EXERCISE REQUIREMENTS | Line by line, repeat the material below exactly and skip the images.

DATASET EXCERPT |
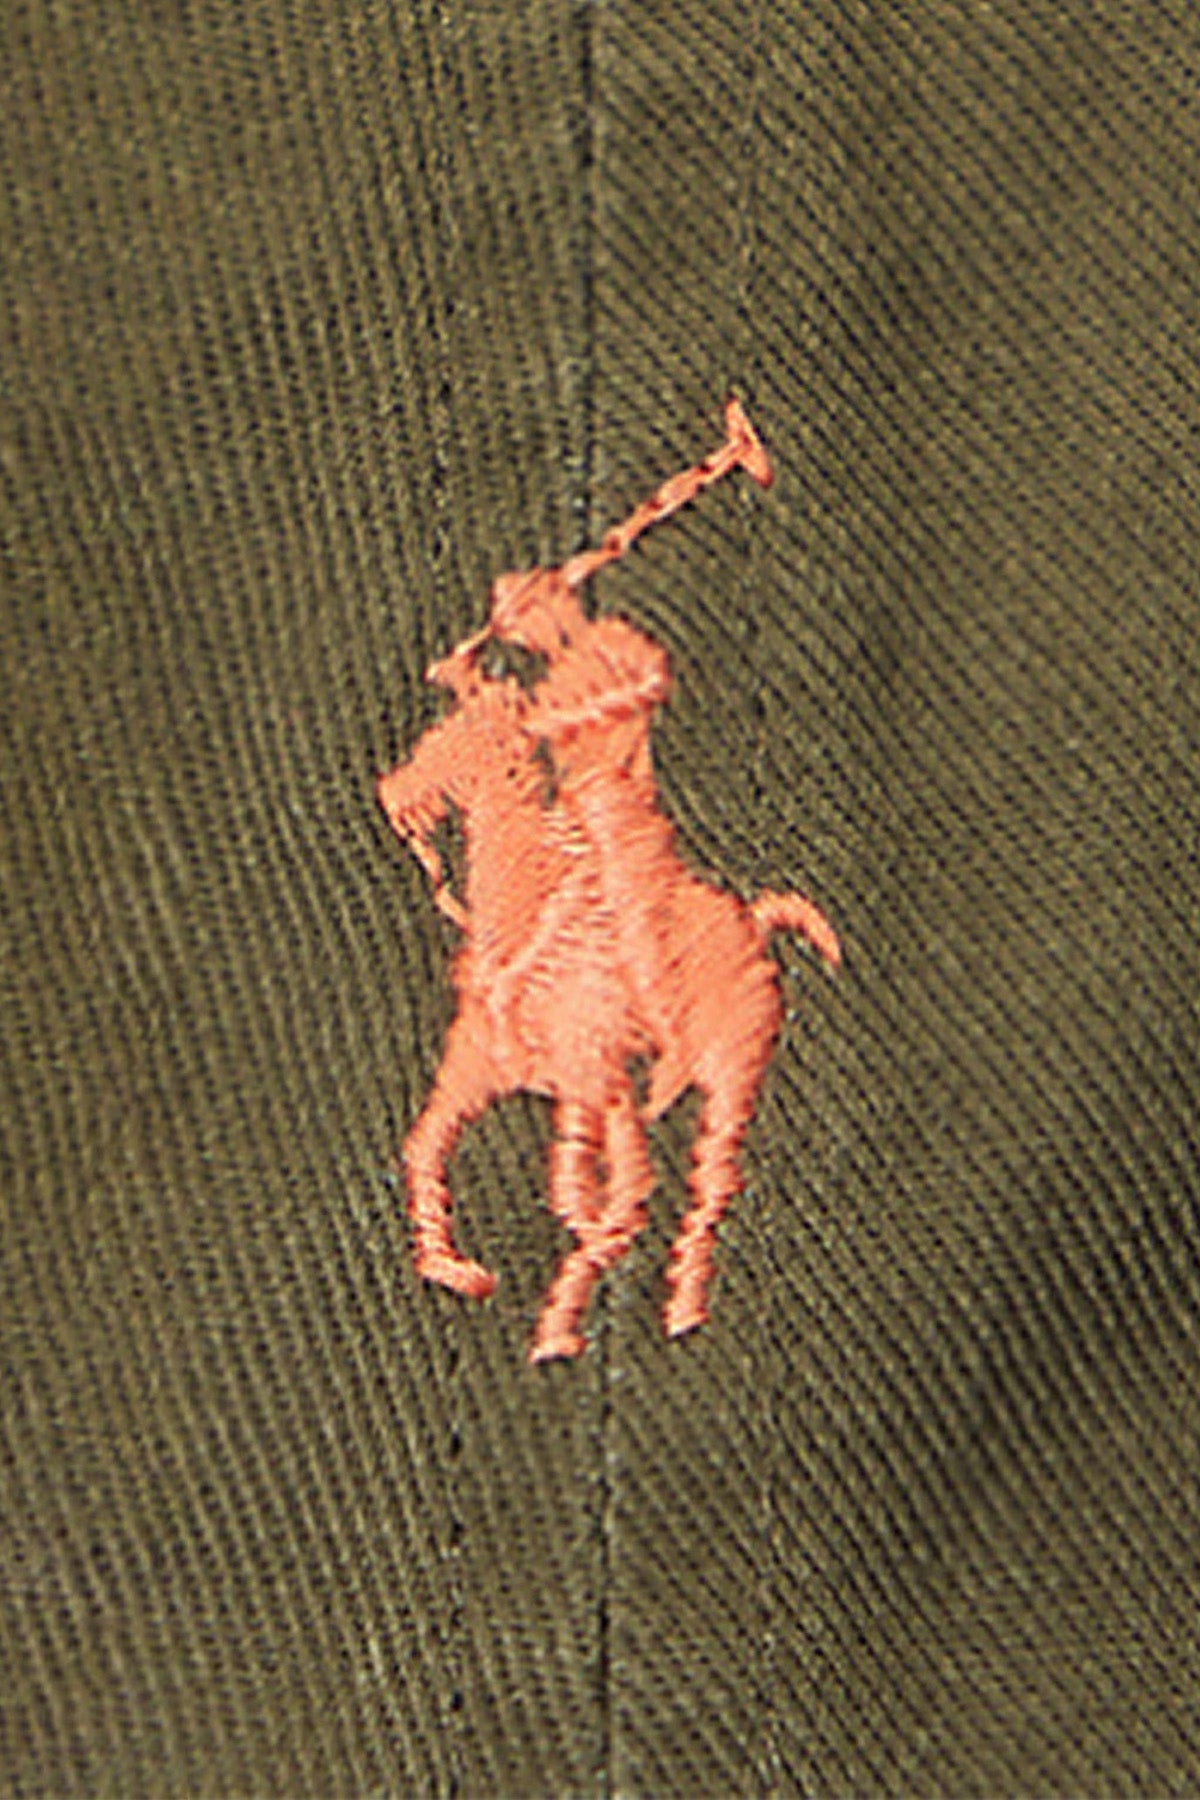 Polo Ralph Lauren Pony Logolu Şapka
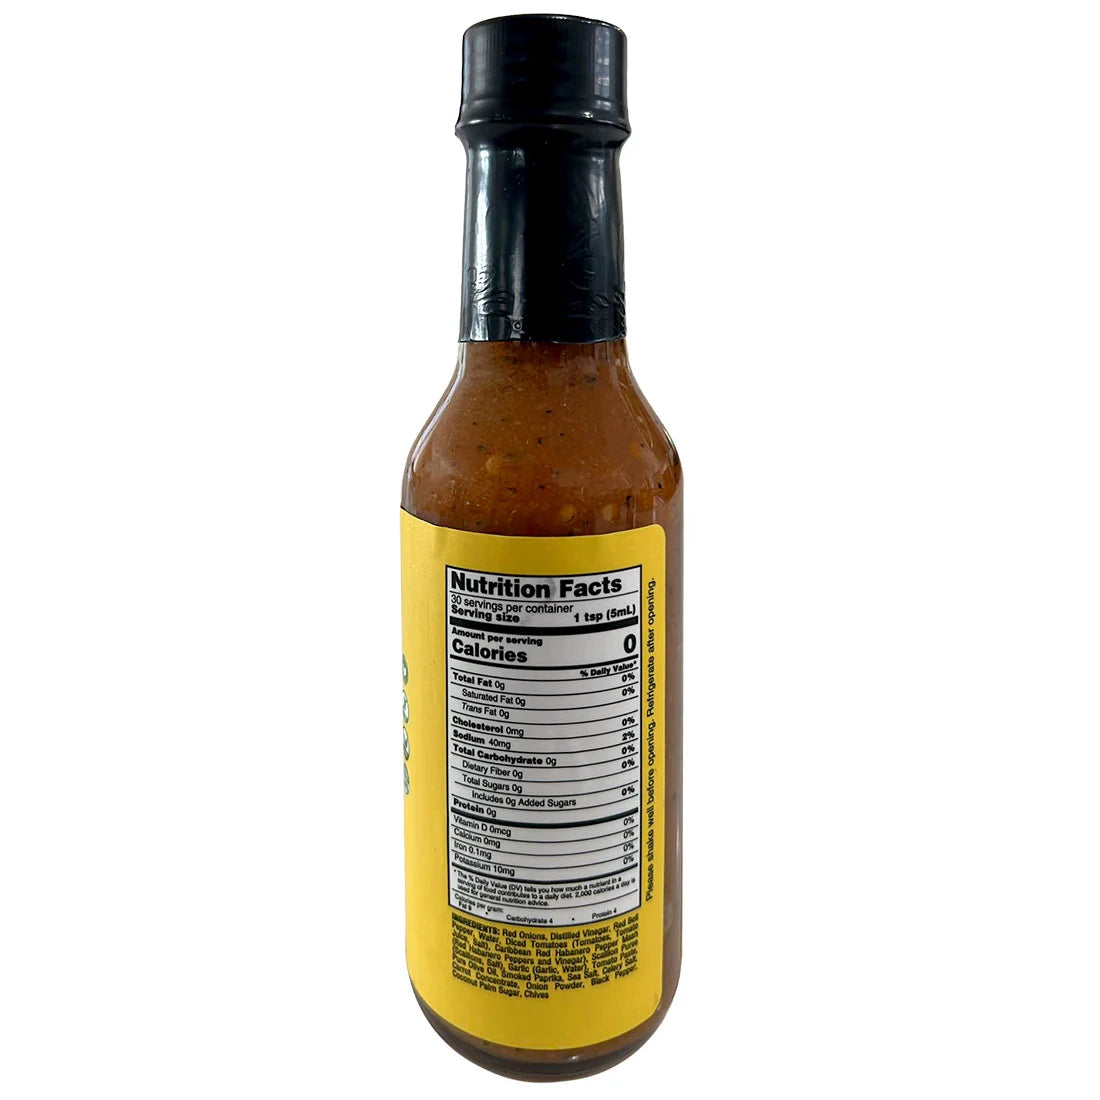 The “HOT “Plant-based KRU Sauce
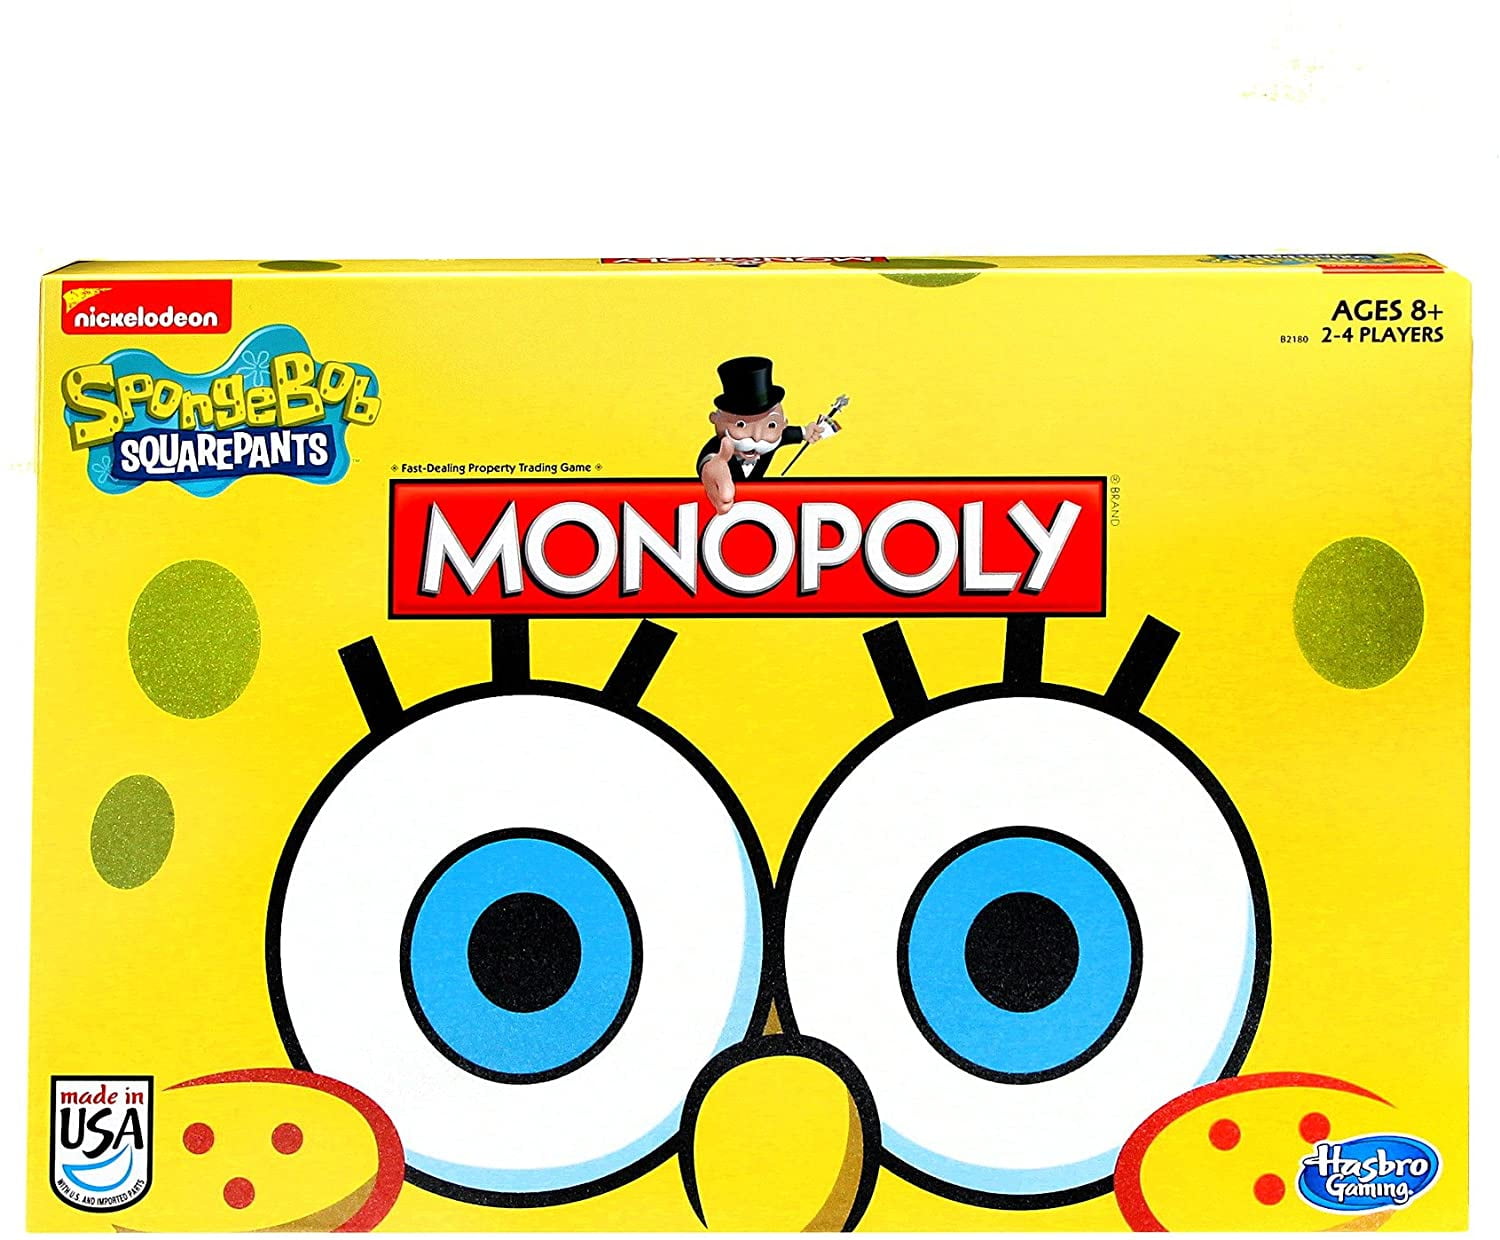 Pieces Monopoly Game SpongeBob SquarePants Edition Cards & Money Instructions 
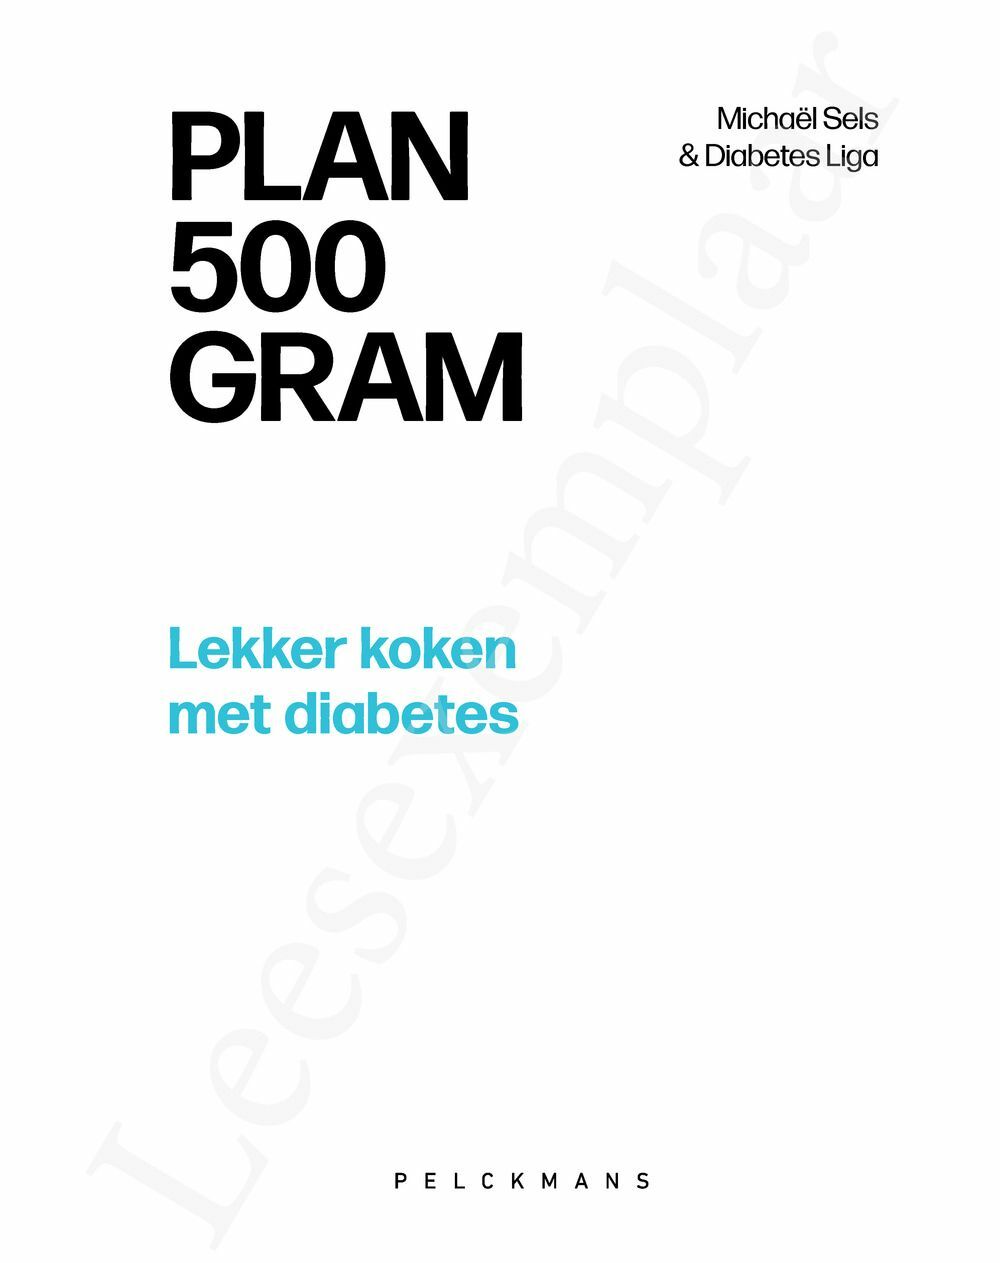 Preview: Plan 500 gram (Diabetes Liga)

PROBLEM SOLUTION |
 Polo Ralph Lauren Pony Logolu Şapka
 The “HOT “Plant-based KRU Sauce
 Pieces Monopoly Game SpongeBob SquarePants Edition Cards & Money Instructions 
 Preview: Plan 500 gram (Diabetes Liga)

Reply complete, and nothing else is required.